Reputation: 621
I have used nltk to obtain a list of tokenised keywords. The Output is
['Natural', 'Language', 'Processing', 'with', 'PythonNatural', 'Language', 'Processingwith', 'PythonNatural', 'Language', 'Processing', 'with', 'Python', 'Editor', ':', 'Production', 'Editor', ':', 'Copyeditor']
I have a text file keyword.txt which contains following keywords:
Processing
Editor
Pyscripter
Language
Registry
Python
How can i match the keywords obtained from tokenization with my keyword.txt file such that a third file is created for the matched keywords.
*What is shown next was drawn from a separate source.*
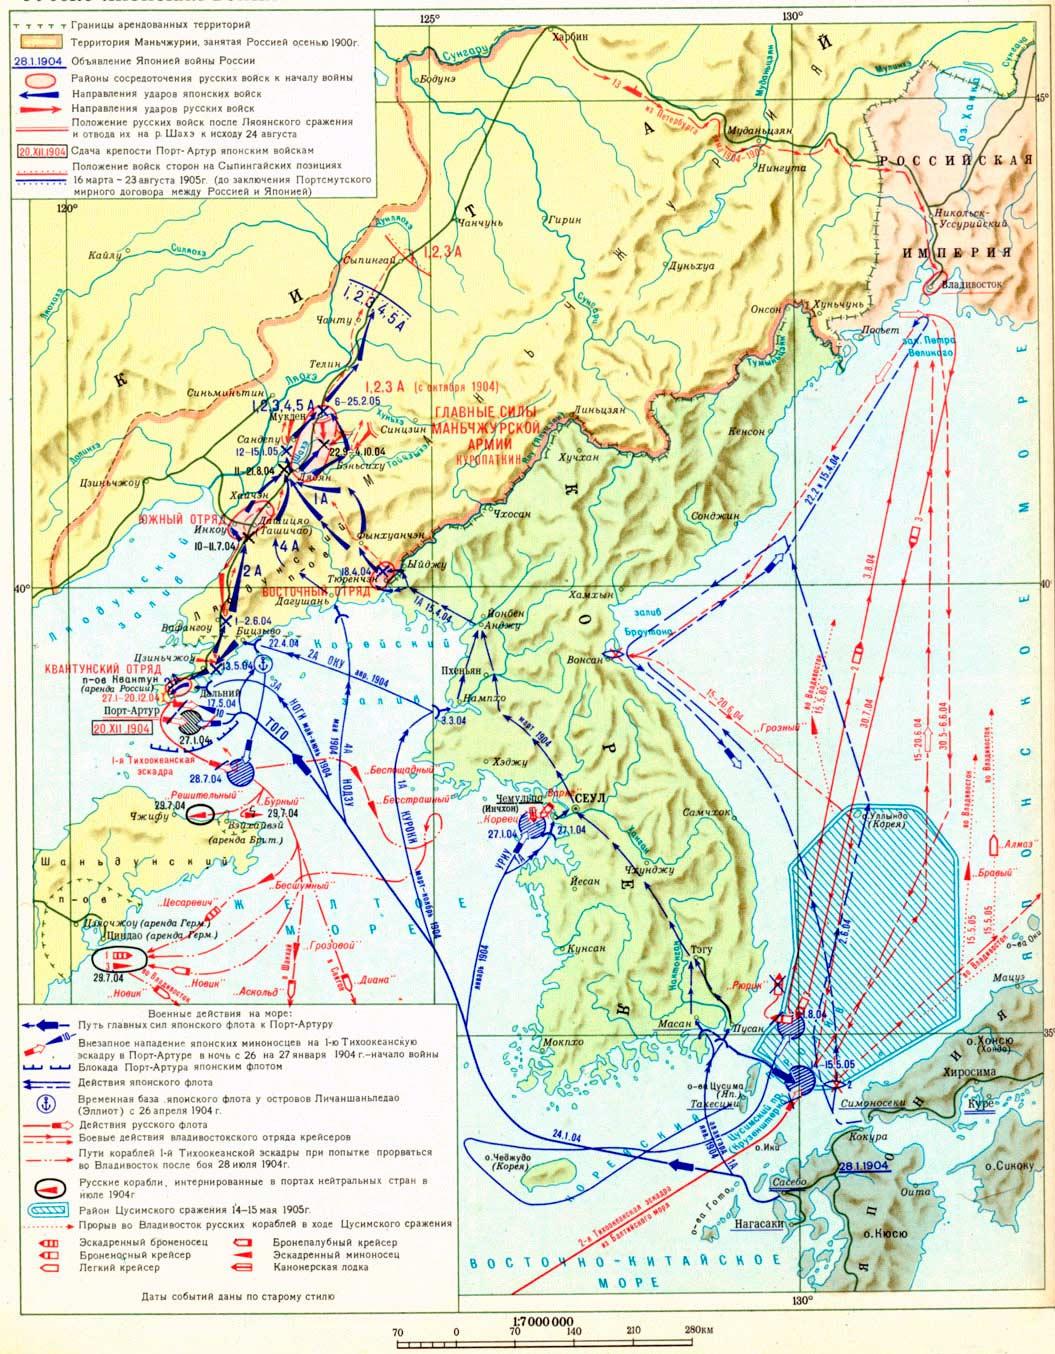 порт артур был сдан русскими войсками в
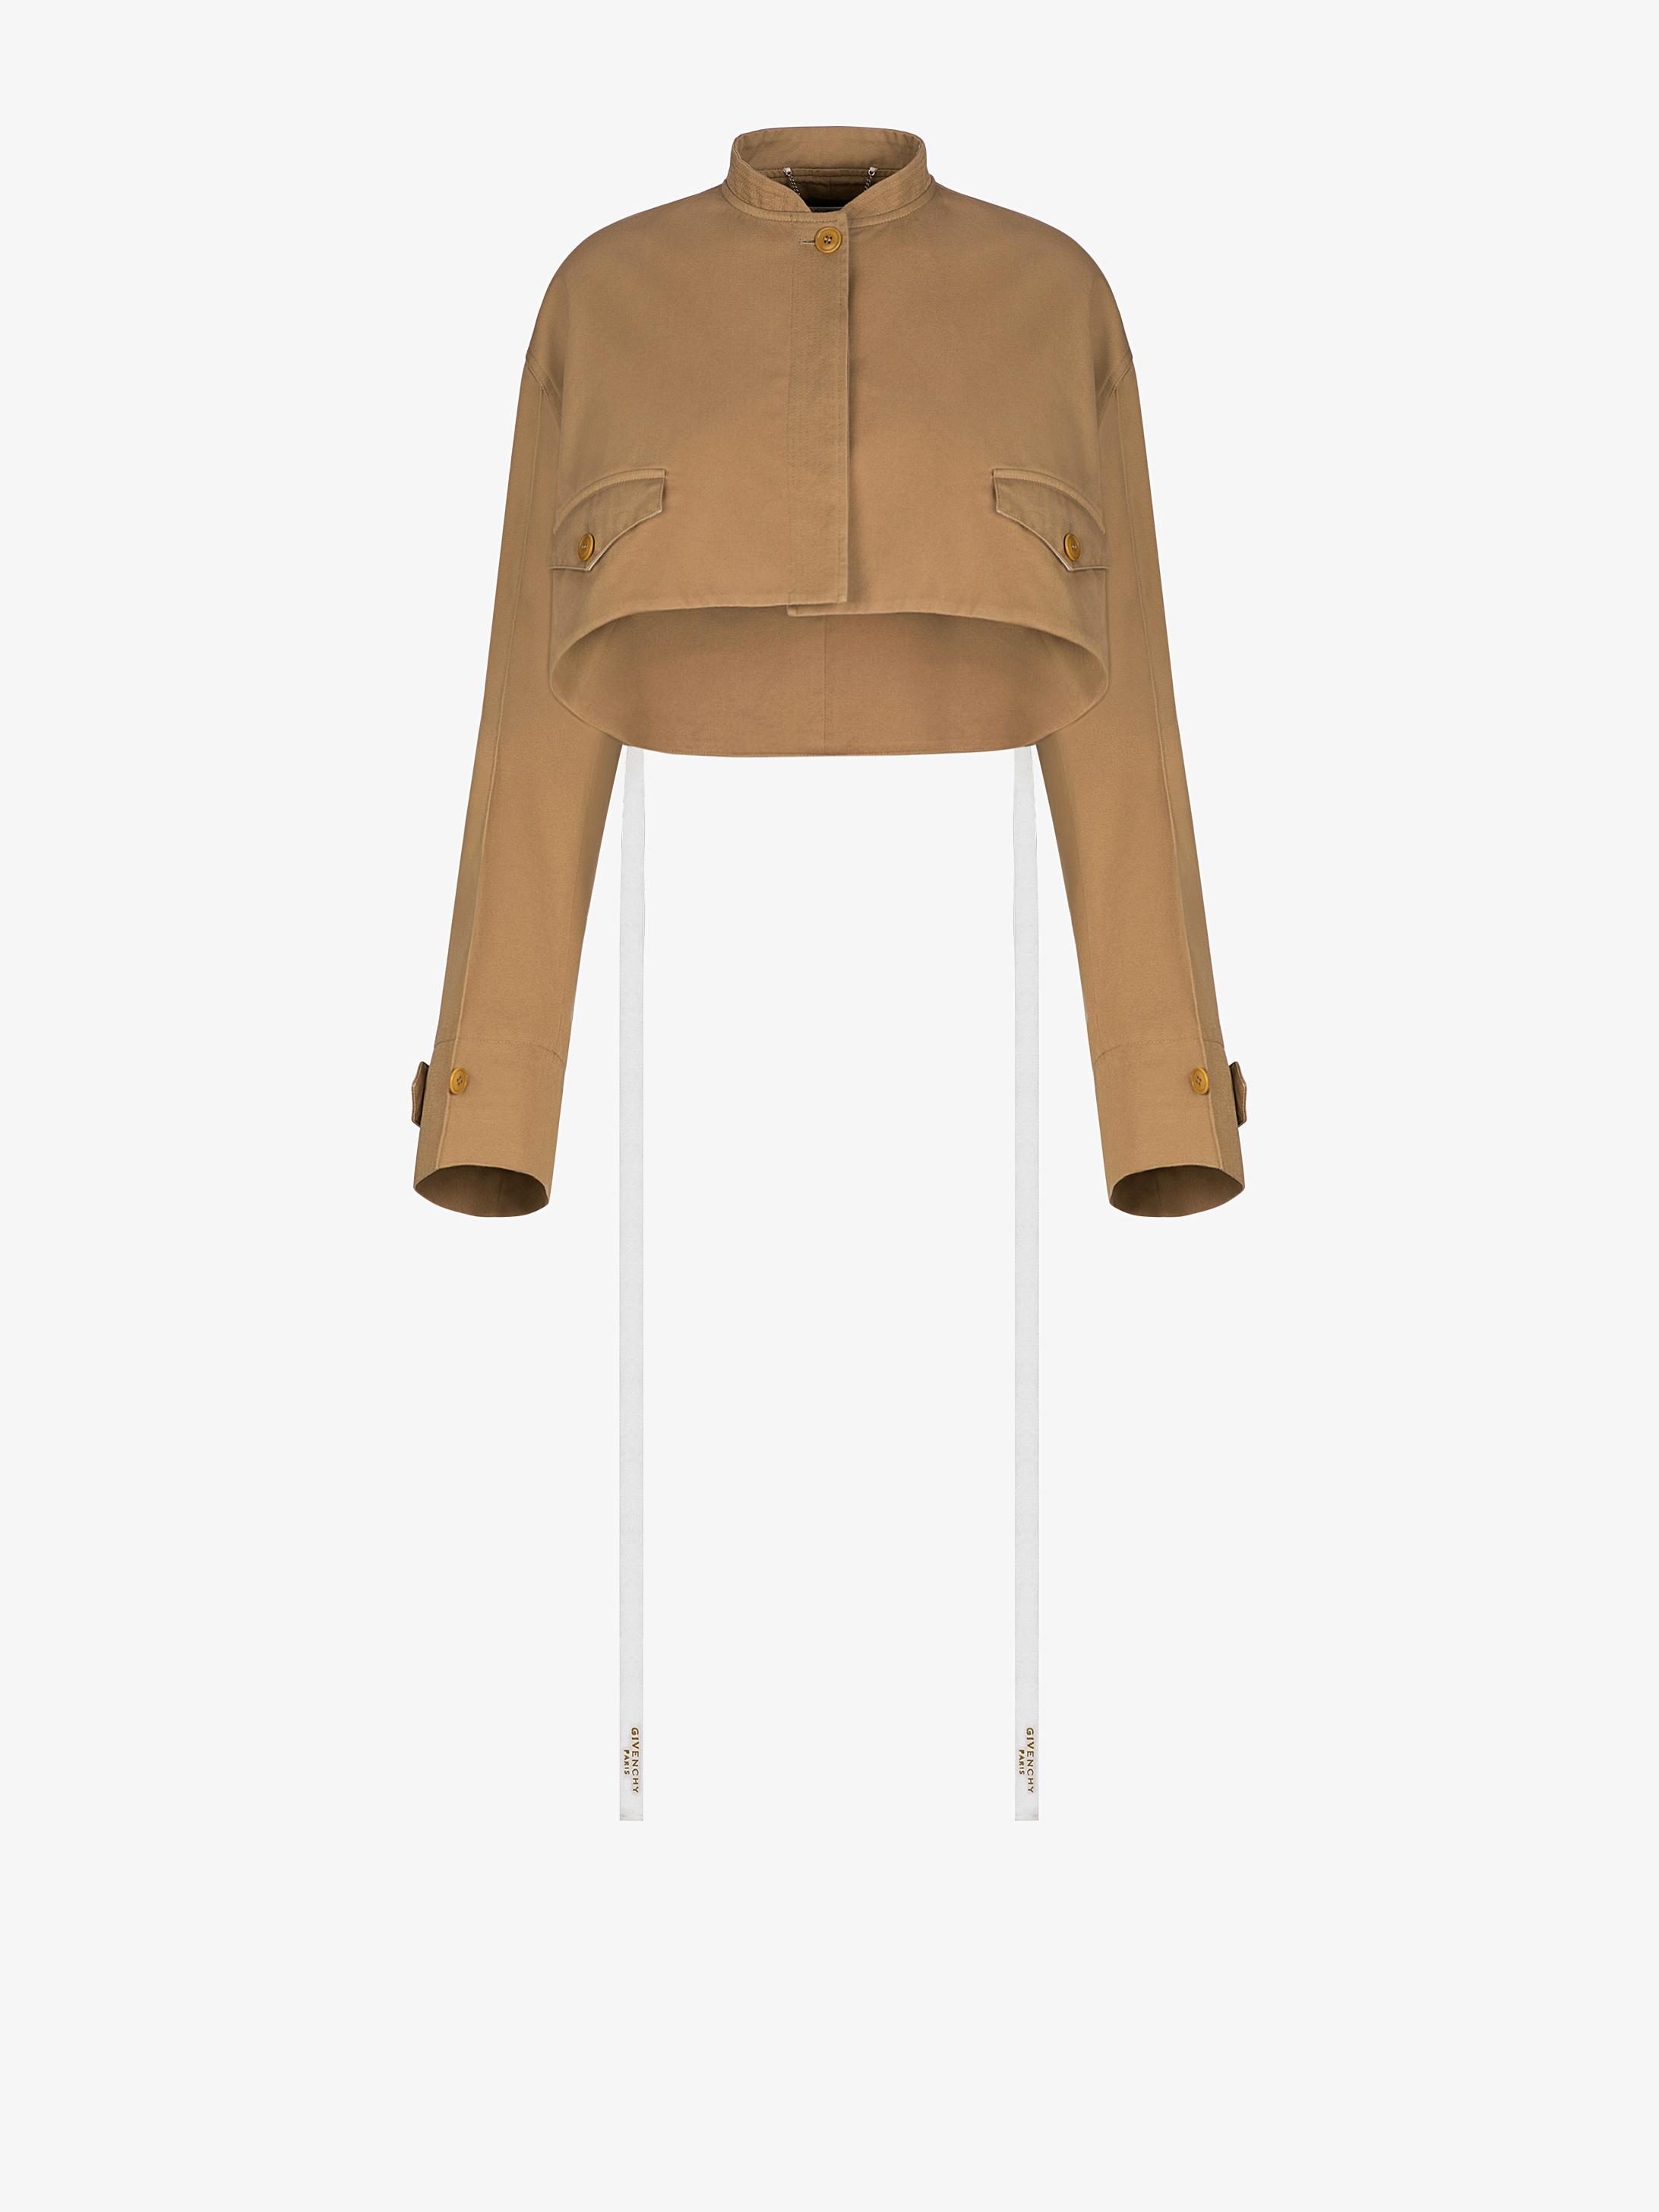 GIVENCHY PARIS short sleeves jacket with ribbons

This is a program i have been working on, but it creates an union of these two files:
import os
with open(r'D:\file3.txt', 'w') as fout:
keywords_seen = set()
for filename in r'D:\File1.txt', r'D:\Keyword.txt':
with open(filename) as fin:
for line in fin:
keyword = line.strip()
if keyword not in keywords_seen:
fout.write(line + "\n")
keywords_seen.add(keyword)
Upvotes: 2
Views: 155
Reputation: 78690
How can i match the keywords obtained from tokenization with my keyword.txt file such that a third file is created for the matched keywords
Here's a simple solution, adjust the filenames as needed.
# these are the tokens:
tokens = set(['Natural', 'Language', 'Processing', 'with', 'PythonNatural', 'Language', 'Processingwith', 'PythonNatural', 'Language', 'Processing', 'with', 'Python', 'Editor', ':', 'Production', 'Editor', ':', 'Copyeditor'])
# create a set containing the keywords
with open('keywords.txt', 'r') as keywords:
keyset = set(keywords.read().split())
# write outputfile
with open('matches.txt', 'w') as matches:
for word in keyset:
if word in tokens:
matches.write(word + '\n')
This will produce a file matches.txt
with the words
Language
Processing
Python
Editor
Upvotes: 1